The master must ensure that
all client requests are executed in order at all slaves. One way to achieve this
is for the master to process each request serially in lockstep. An easy way to
ensure that requests are processed one at a time is to hold a mutex in client_invoke() while a request is being processed. However,
it would be a bad idea to hold rsm_mutex while calling the invoke RPC, since the rsm_mutex protects the internal data
structures of the RSM as well, and nothing else can happen in the RSM while
that mutex is held. Instead, you can hold a separate mutex called invoke_mutex, which is used only to
serialize calls to client_invoke(). You need to be careful of two things if you
serialize requests this way. First, you shouldn't hold rsm_mutex across RPCs. Second, you
shouldn't try to acquire invoke_mutex while you are holding rsm_mutex, since that would
effectively cause you to hold rsm_mutex for the duration of an RPC.
Once all slaves in the
current membership list reply successfully, the master can execute the invoked
RPC locally and reply success to the client. If a slave times out, the master
instructs its Paxos object to initiate a view change.
·
rsm::invoke(): This RPC handler is
invoked on slaves by the master. A slave must ensure the request has the
expected sequence number before executing it locally and reply back to the
master. It should also ensure that it is indeed a slave under the current
stable view; if not, it should reply with an error.
·
The rsm::inviewchange variable keeps track of
whether the current replica has successfully synchronized its state with the
current master upon the latest view change. If a node has not finished state
synchronization, it should not process any RSM requests. For this first step,
we do not yet worry about replica failures nor state synchronization so you
should temporarily set this variable to be true in the recovery() method.
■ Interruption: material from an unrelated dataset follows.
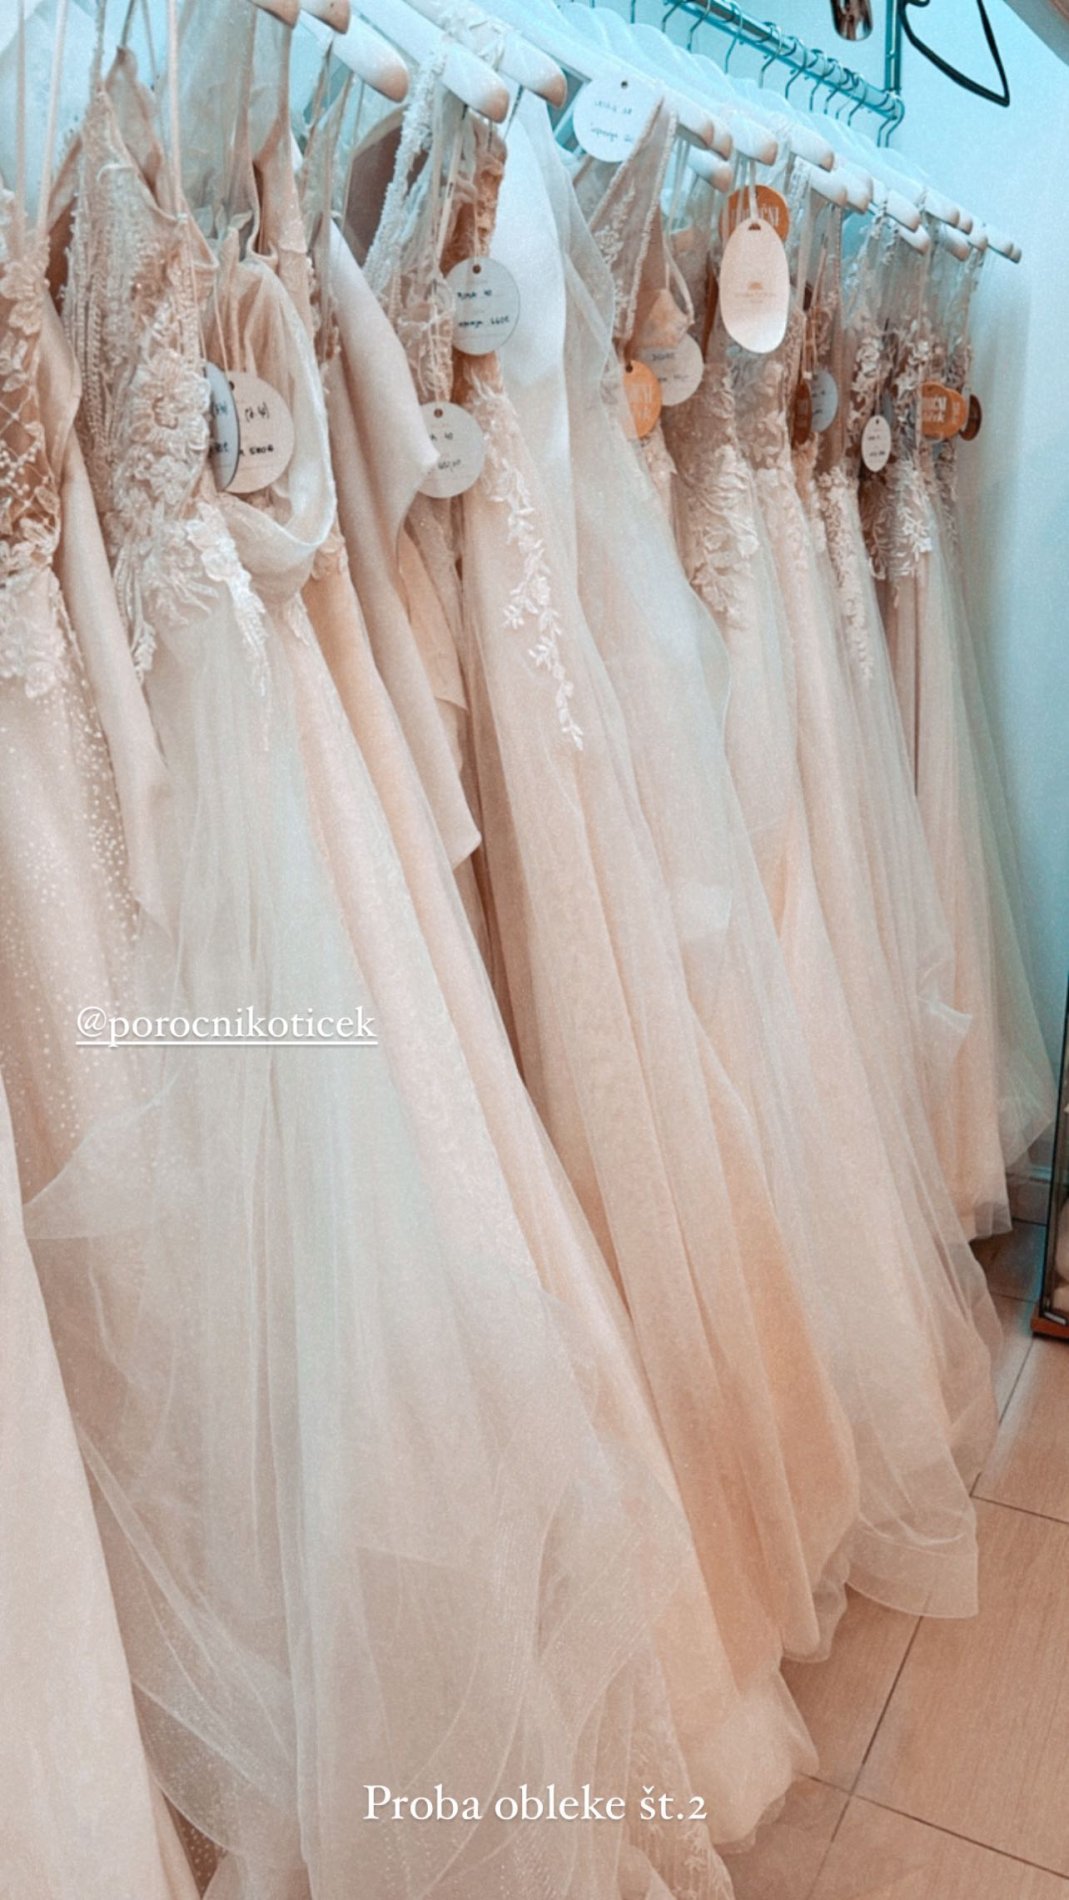 Manca pomerja obleke v poročnem salonu. Vir: Instagram

To change your existing lock server/client to use the RSM objects:
·
Eliminate any randomness in the lock server if there is any, or at
the very least make sure the random number generator in each replica is seeded
with the same value.
·
Modify lock_server_cache to take in a rsm object in its constructor
(e.g., as a pointer) and save it, so that each server can inquire about its
master status using the rsm::amiprimary() method. Only the master lock_server_cache should communicate directly
with the client. Therefore, you should modify lock_server_cache to check if it is the
master before communicating with the lock client(s).
·
Modify lock_smain.cc to instantiate the lock
server and pass the rsm object to the server's constructor. (You'll need to remove the ifdef we added in lab 7.) You
should also register all RPC handlers of lock_server_cache with the rsm, instead of with the rpcs object (which is no longer
needed).
·
Modify lock_client_cache to create rsm_client object in its constructor. The lock_client_cache
should use the rsm_client object to perform its RPCs, in place of the old rpcc object (no longer needed).
The lock_client_cache sends RPCs as usual with the call method of the rsm_client object. The method will
further call rsm_client::invoke with marshalled request.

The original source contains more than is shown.